Example command for sampling with DEQ from CIFAR10
```
python main.py --config cifar10.yml --model Diffusion --exp cifar10-orig-fid --image_folder samples-cifar10-and-t1000-long-new --doc cifar10 --sample --fid --timesteps 1000 --eta 0 --ni --method anderson --use_pretrained
```
The `--use_pretrained` option will automatically load the model according to the dataset for CIFAR10, LSUN Bedrooms and Churches.
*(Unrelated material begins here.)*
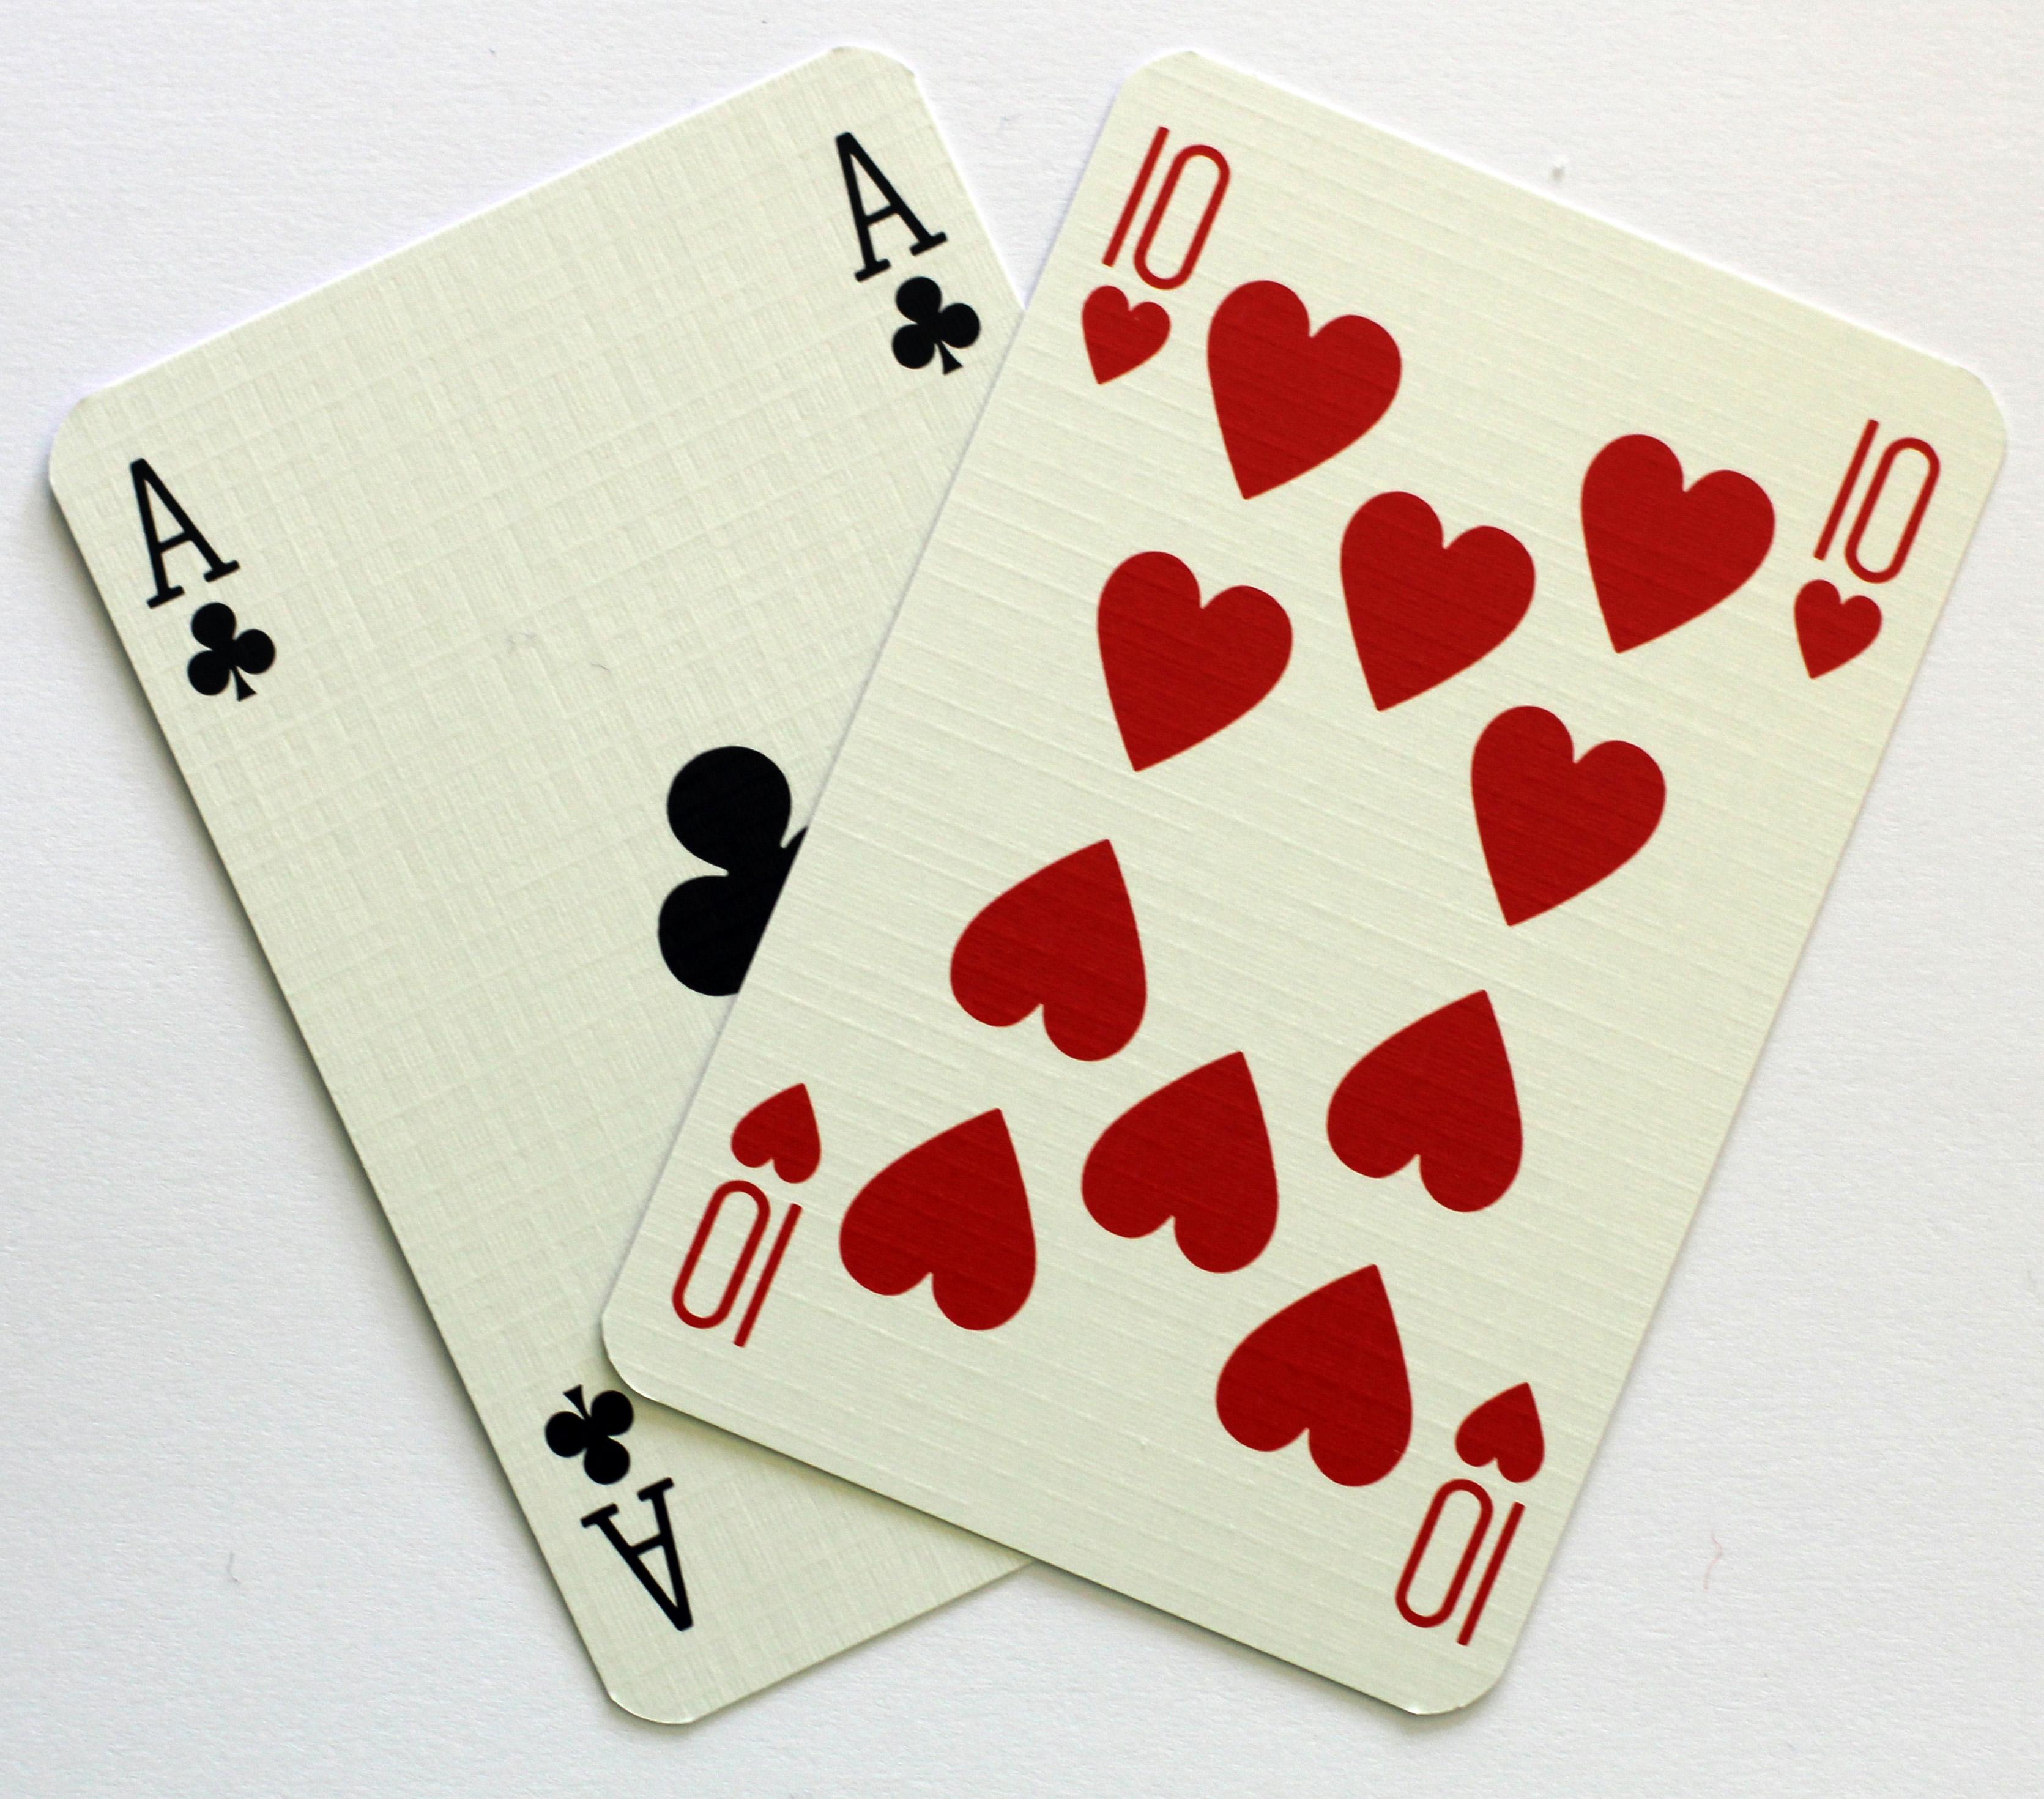 Pontoon Card Game Wikipedia
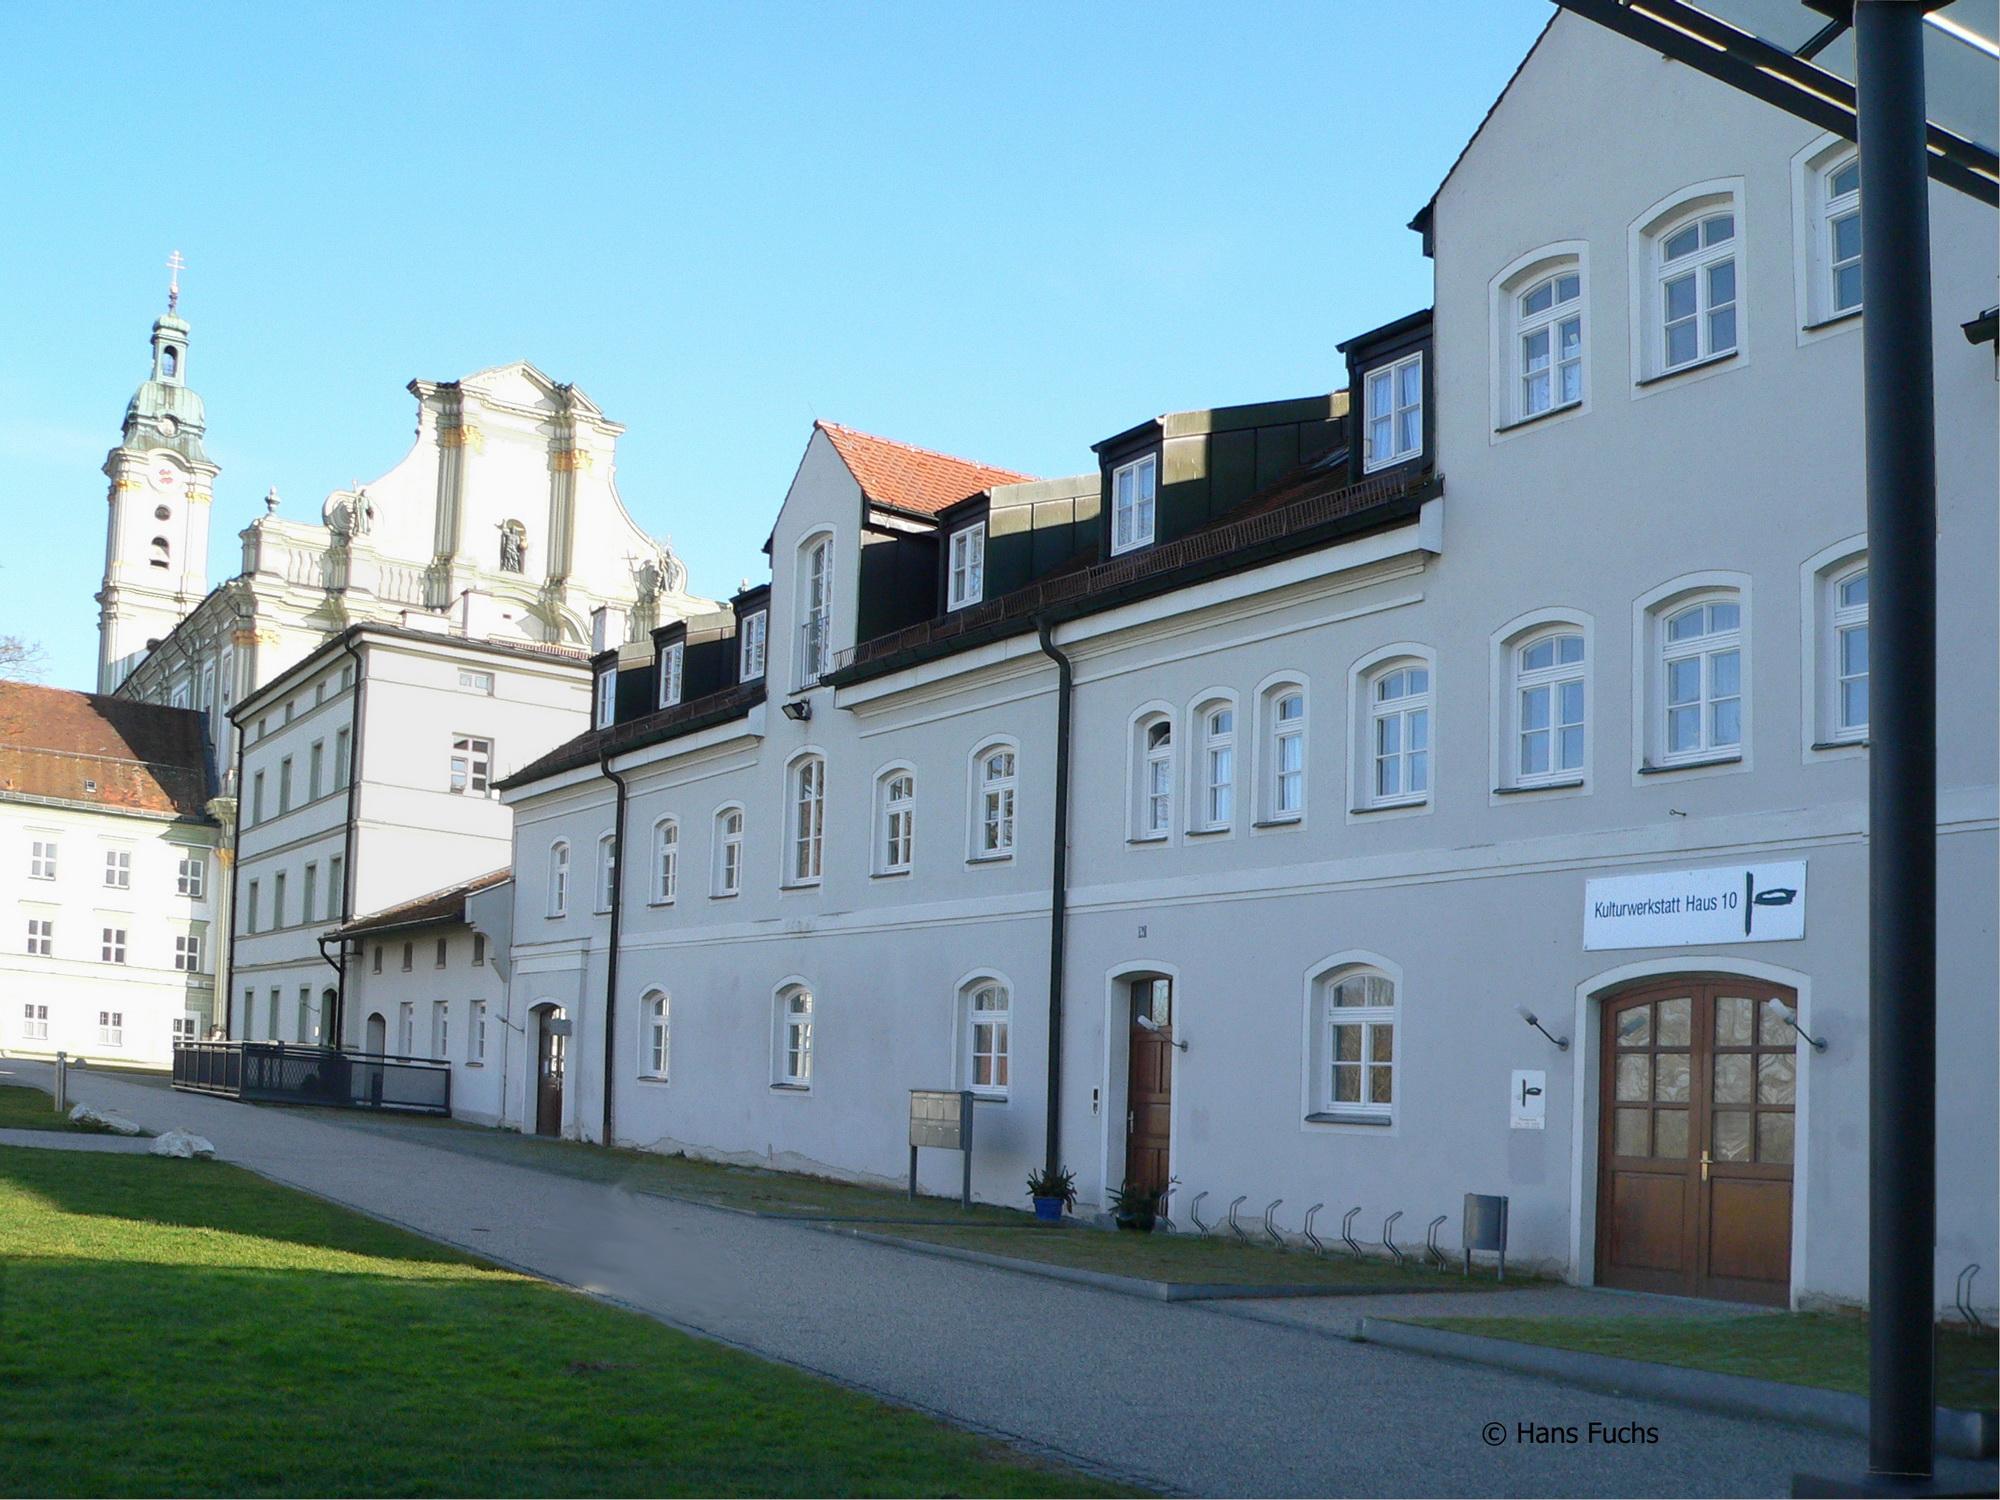 Kulturwerkstatt Haus 10

We use DDPM models for all datasets except CelebA. Please download CelebA 64x64 pretrained model from https://github.com/ermongroup/ddim
### Training DEQ for Model Inversion
```
python main.py --config {DATASET}_ls_opt.yml --model DiffusionInversion --exp {PROJECT_PATH} --image_folder {IMAGE_FOLDER} --doc {MODEL_NAME} --ls_opt --timesteps {STEPS} --ni --method {METHOD} --lambda1 1 --lambda2 0 --lambda3 0 --seed $i --tau {DAMPING_FACTOR} --use_wandb --no_augmentation --pg_steps {PG_STEPS}
```
where
- `ETA` controls the scale of the variance (0 is DDIM, and 1 is one type of DDPM).
- `STEPS` controls how many timesteps used in the process.
- `MODEL_NAME` finds the pre-trained checkpoint according to its inferred path.
- `METHOD` Use 'anderson' for DEQ and 'simple-seq' for DDIM
- `PG_STEPS` is the number of iterations while computing phantom gradients. We set this value to 1.
- `DAMPING_FACTOR` is the value of damping used in phantom gradients. We set this to 0.1.
Please check [invert_models.sh](scripts/invert_models.sh) for sampling commands for all the datasets.